Users still use equipment based on 8-bit coding and network services do not implement UCS. Users are usually forced to accept what the suppliers offer, and the selection of character sets for any one product is usually narrow. Over the years, a base of installed hardware, software and data has been built up in Europe which uses a range of different character sets and codes (more than 50 coded character sets, 7-bit or 8-bit based). Therefore, although UCS is able to cater to all current and projected needs, there will exist during the foreseeable future a number of different coding schemes.

Nevertheless, the user should ideally perceive that the character set interface of his choice is the same all over the world, regardless of region or country where the data originated, and without intrusion of any underlying technical complexity of communication service. As a consequence, conversion capabilities between all existing coded character sets will be required. UCS is the primary building block for this, since it encompasses the majority of coded character sets used in the world and all of those used in Europe. Its implementation will provide the required integrity of characters as well as the required support for multi-linguality in advanced networked services.

Obstacles for the wide use of UCS are still present. Some of them identified in the report are:

Mechanisms for the easy and default recognition of a stream of data coded according to the UCS scheme;
Easy conversion tools for the conversion of different UCS forms (e.g. UTF 8, UTF 16, UTF 7) and their inclusion in applications;
Easy and friendly input methods;
Representation and rendition problems;
Users believe that 8-bit coded character sets will be present for long time yet in Europe; and
The cost of wide implementation of UCS is not known.

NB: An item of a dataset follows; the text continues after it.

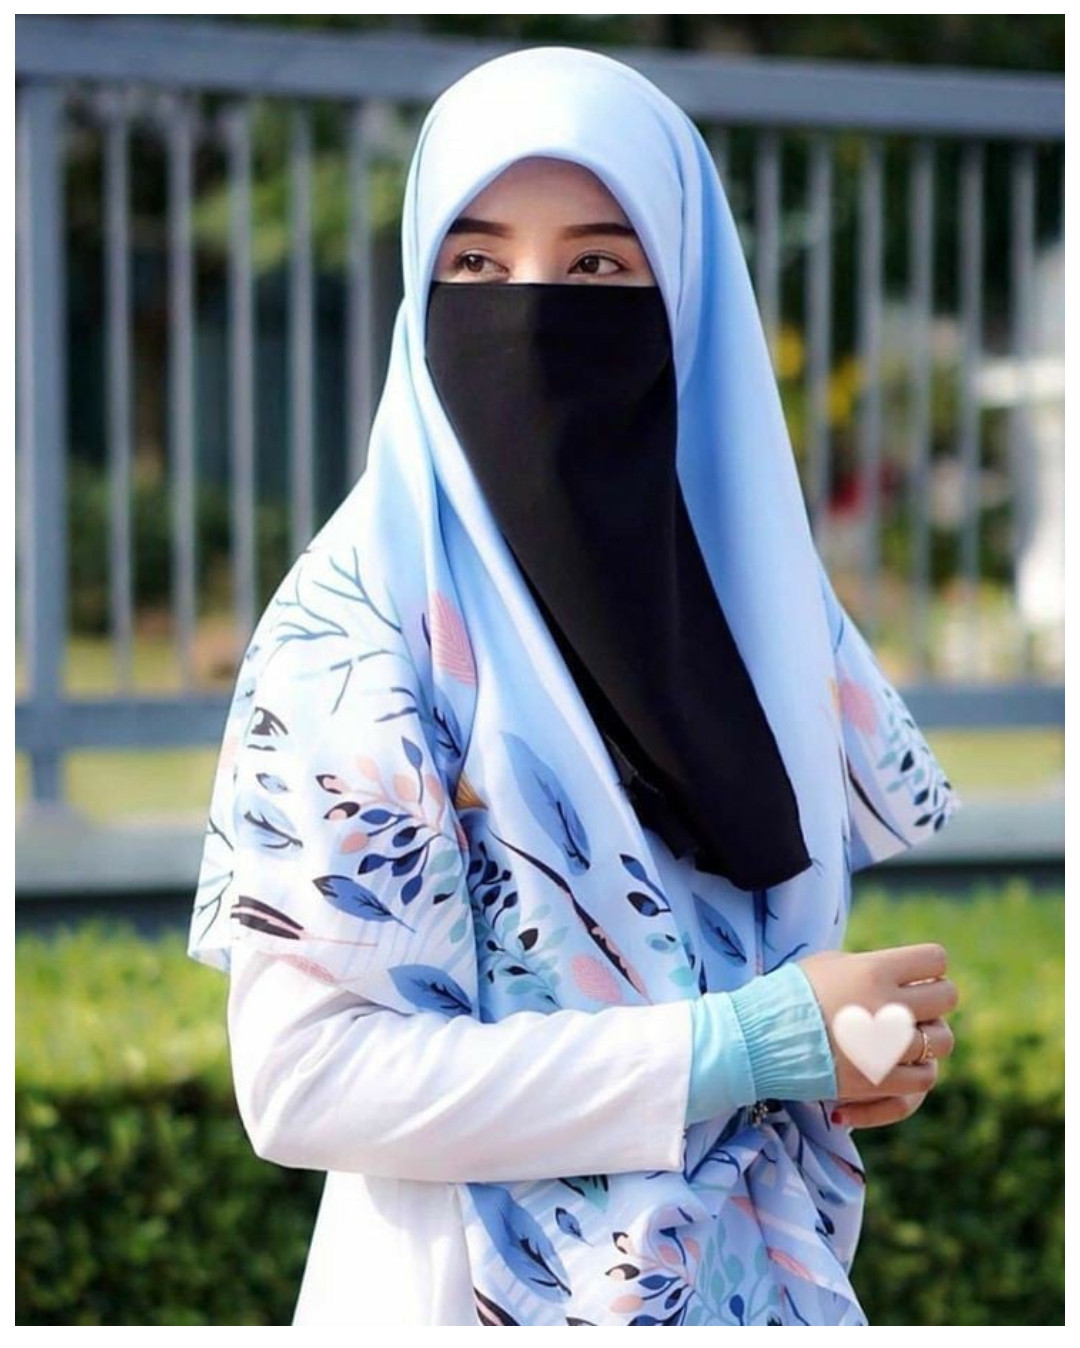 Girls wearing hijab pic - black hijab wearing pic - hijab pic

6. A step forward in the EU: The European subsets of UCS

Some of the implementation problems presented above could be solved by the provision of subsets of UCS. It was estimated that full UCS implementation will be costly in the first stage of UCS use and that suppliers will implement only a subset or subsets. To ensure that a common subset which can be used by the vast majority of European users be available for a reasonable price, and as a guide to the manufacturers, a standard was developed and adopted (i.e. the European subsets of UCS) that encompass all characters in European languages. In addition, frequently used characters provided in the equipment of different suppliers were added to the subsets.

The European standard ENV1973 consists of two subsets: the Mandatory European Subset (MES) and the Extended European Subset (EES). The MES encompass the three major European scripts--Latin, Greek, Cyrillic--and the special characters identified through the most popular proprietary coded character sets used in Europe, as well as registered character sets used in telematic services like ISO 6937 (T.61). MES coding supports level 1 of ISO 10 646. With the character repertoire of the MES, 27 official languages using Latin, 5 official languages using Cyrillic script, Greek (politonico and monotonico), and 16 regional languages using Latin script can be written. (See Appendix 1.) The number of characters in the subset is 926.

The EES is another UCS selected subset and is a superset of the MES. EES differs from MES mainly by basing its selection of characters by script and function, rather than use in particular languages. EES includes, exhaustively, the collection of UCS characters containing Latin, Greek, Cyrillic, Armenian, and Georgian scripts, together with those collections of symbols used academically, commercially, and scientifically in Europe. These scripts comprise a set of historically related alphabetic scripts of singular cultural importance to Europe. The number of characters in the EES is 3109.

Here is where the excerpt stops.